1. No dia 5 de Agosto de 2018, pelas 00 horas e 20 minutos, o
arguido dirigiu-se, no automóvel ligeiro de passageiros de matrícula
…-SV-…, a um dos parques de estacionamento da Estação
Ferroviária de Campolide, com o intuito de provocar um incêndio
num dos veículos que aí se encontravam estacionados.
2. Para esse efeito, o arguido munira-se previamente de um
isqueiro, da marca BIC, e de algumas acendalhas.
3. Já no local, o arguido apercebeu-se que ali se encontrava
parqueado o veículo de matrícula …-…-XH, marca Fiat, modelo
Ducato Dethleffs, propriedade da C… LDA, com o NIPC ….
4. Seguidamente, o arguido deslocou-se até junto da viatura,
colocou uma acendalha junto ao pneu traseiro esquerdo e usou a
chama do isqueiro de que estava munido para a incendiar.
5. Acto contínuo, o arguido regressou à viatura de matrícula …-
SV-…, onde se encontravam outras acendalhas, enquanto ocultava o
isqueiro de que estava munido num dos bolsos das calças.

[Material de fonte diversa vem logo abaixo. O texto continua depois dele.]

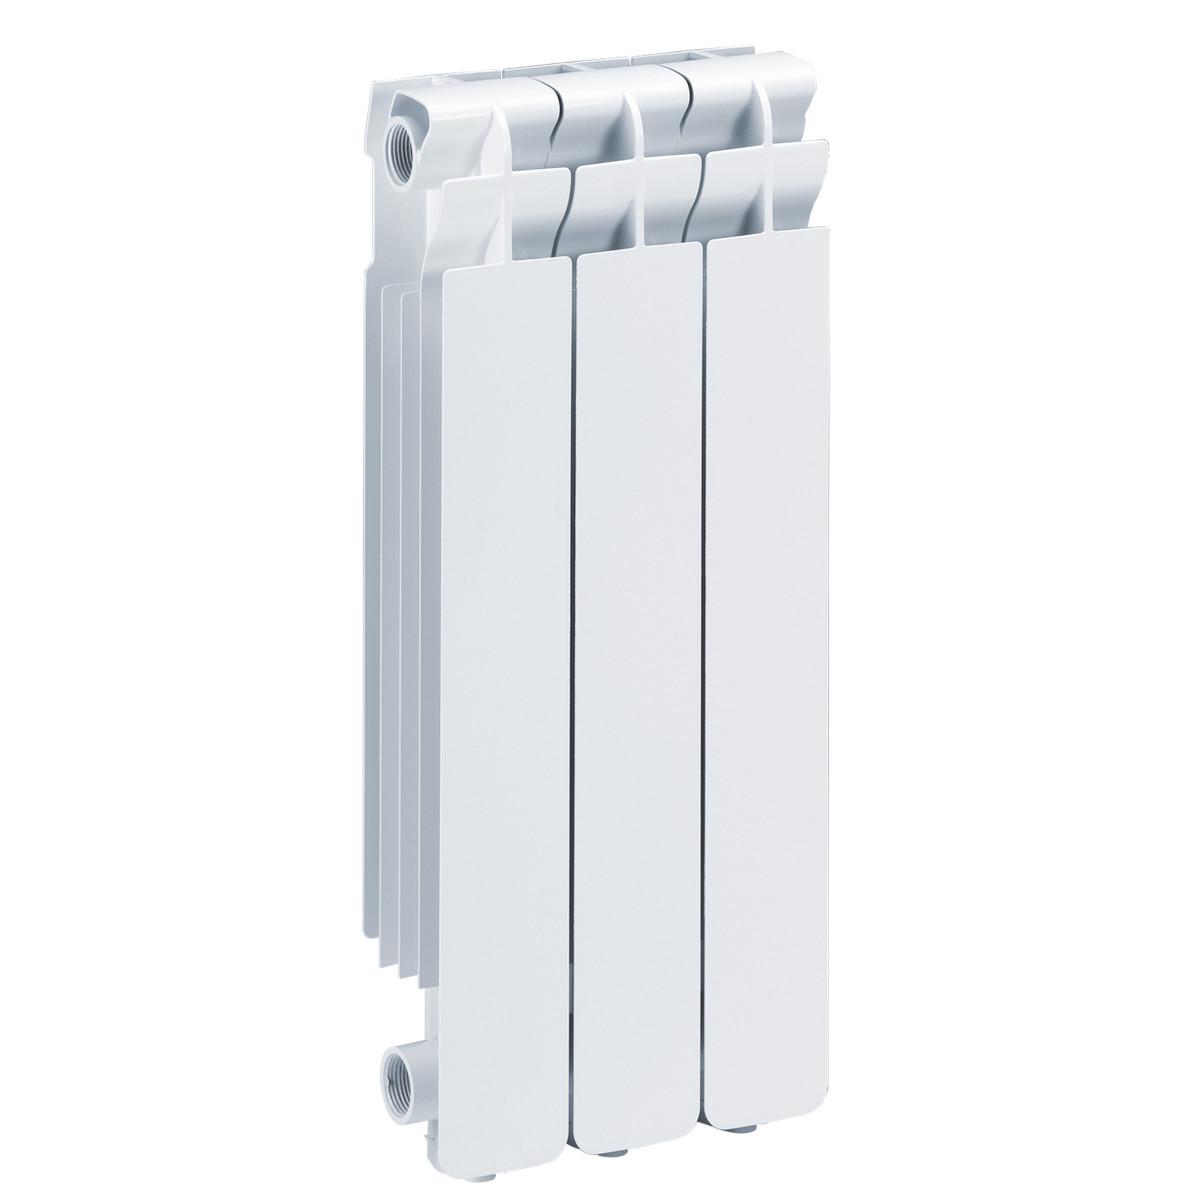 Radiatori alluminio termosifone radiatori2000 mod helyos for Leroy merlin radiatori
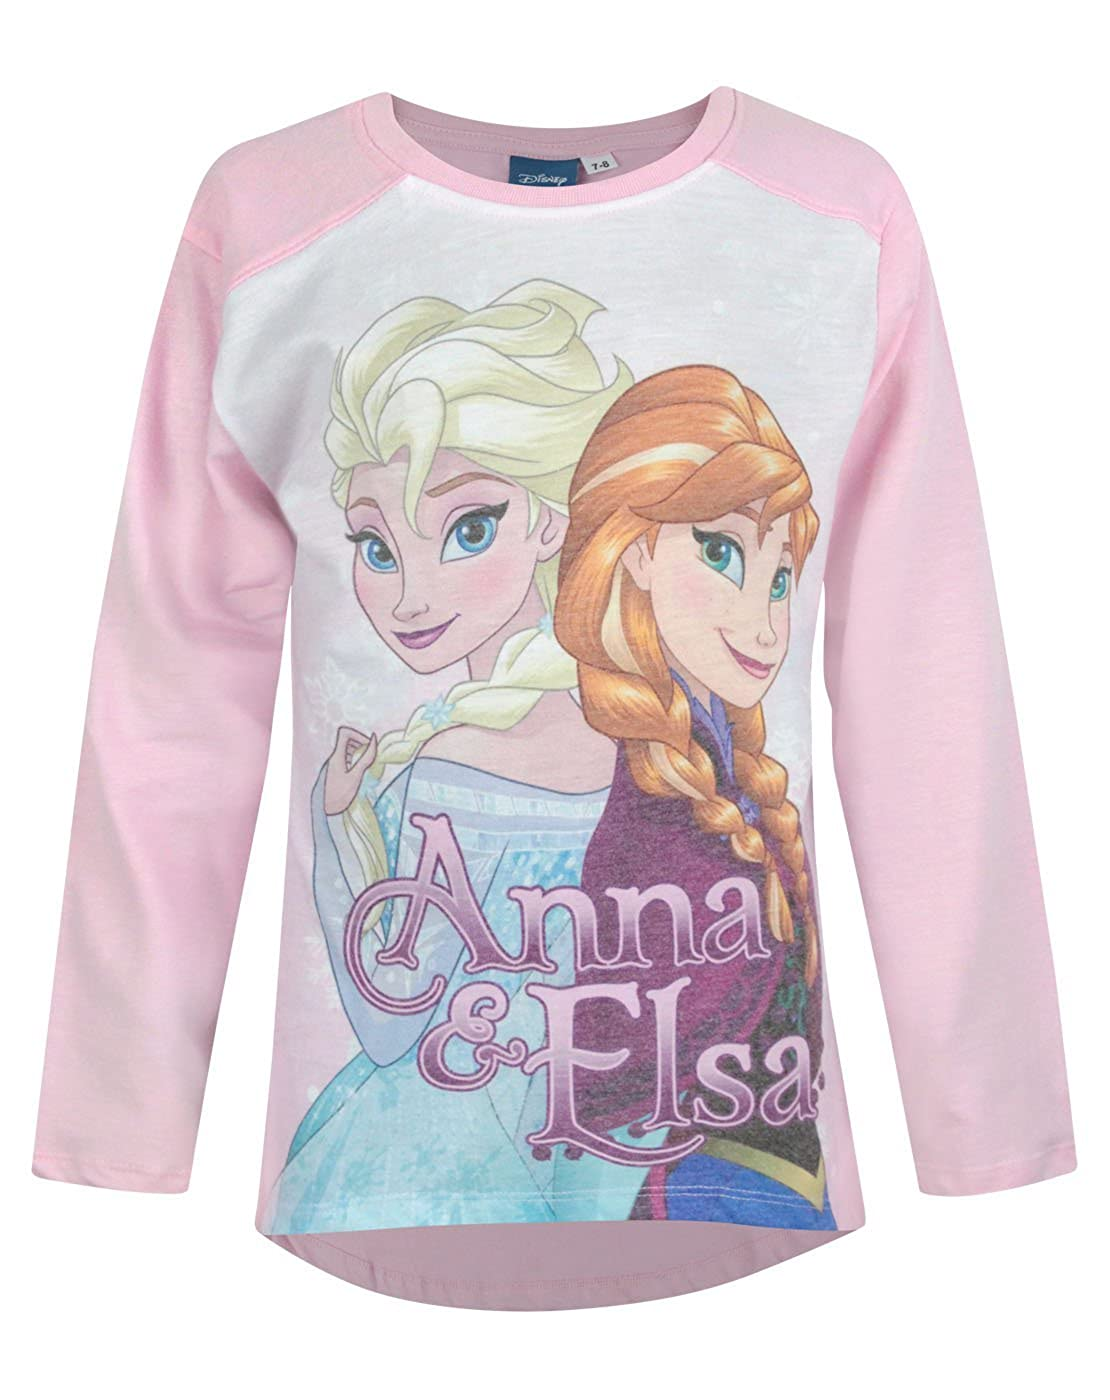 ceb8ac21e Amazon.com: Official Frozen Anna & Elsa Girl's Long Sleeve Top (2-3 Years):  Clothing

6. Nesse momento, passou no local uma patrulha da PSP de
Lisboa, que, de imediato, apagou o fogo iniciado pelo arguido e o
interceptou.
7. O veículo de matrícula …-…-XH tinha um valor aproximado de
€ 10.000,00.
8. Apesar da conduta do arguido, o veículo de matrícula …-…-XH
não sofreu danos na sua zona traseira esquerda, não tendo havido
necessidade de qualquer reparação.
9. O arguido agiu de forma deliberada, livre e consciente, com o
propósito, que apenas não logrou concretizar devido à pronta
intervenção da PSP de Lisboa, de provocar, na viatura de matrícula
…-…-XH, que sabia ter valor superior a € 5.100,00, um incêndio que
a poderia destruir totalmente.
10. O arguido procedeu dessa forma, apesar de ter consciência que
o incêndio por si provocado poderia colocar em risco a vida de
terceiros, nomeadamente, os que eventualmente estivessem no
interior do referido veículo, e propagar-se a outros veículos de valor.
11. Bem sabia o arguido que a sua conduta era proibida e punida
por lei penal.
12. Do certificado de registo criminal do arguido nada consta.
*
B) FACTOS NÃO PROVADOS
Não se provaram outros factos com relevância para a decisão da
causa, concretamente: 1- No momento dos factos o arguido
desconhecia a identidade do proprietário do veículo de matrícula
…-…-XH ou se alguém se encontrava a pernoitar no seu interior.
*
C) MOTIVAÇÃO DE FACTO
O Tribunal fundou a sua convicção na apreciação crítica do conjunto
da prova produzida, devidamente analisada à luz do prudente arbítrio
e das regras de experiência, nos termos do art. 127º do C.P. Penal.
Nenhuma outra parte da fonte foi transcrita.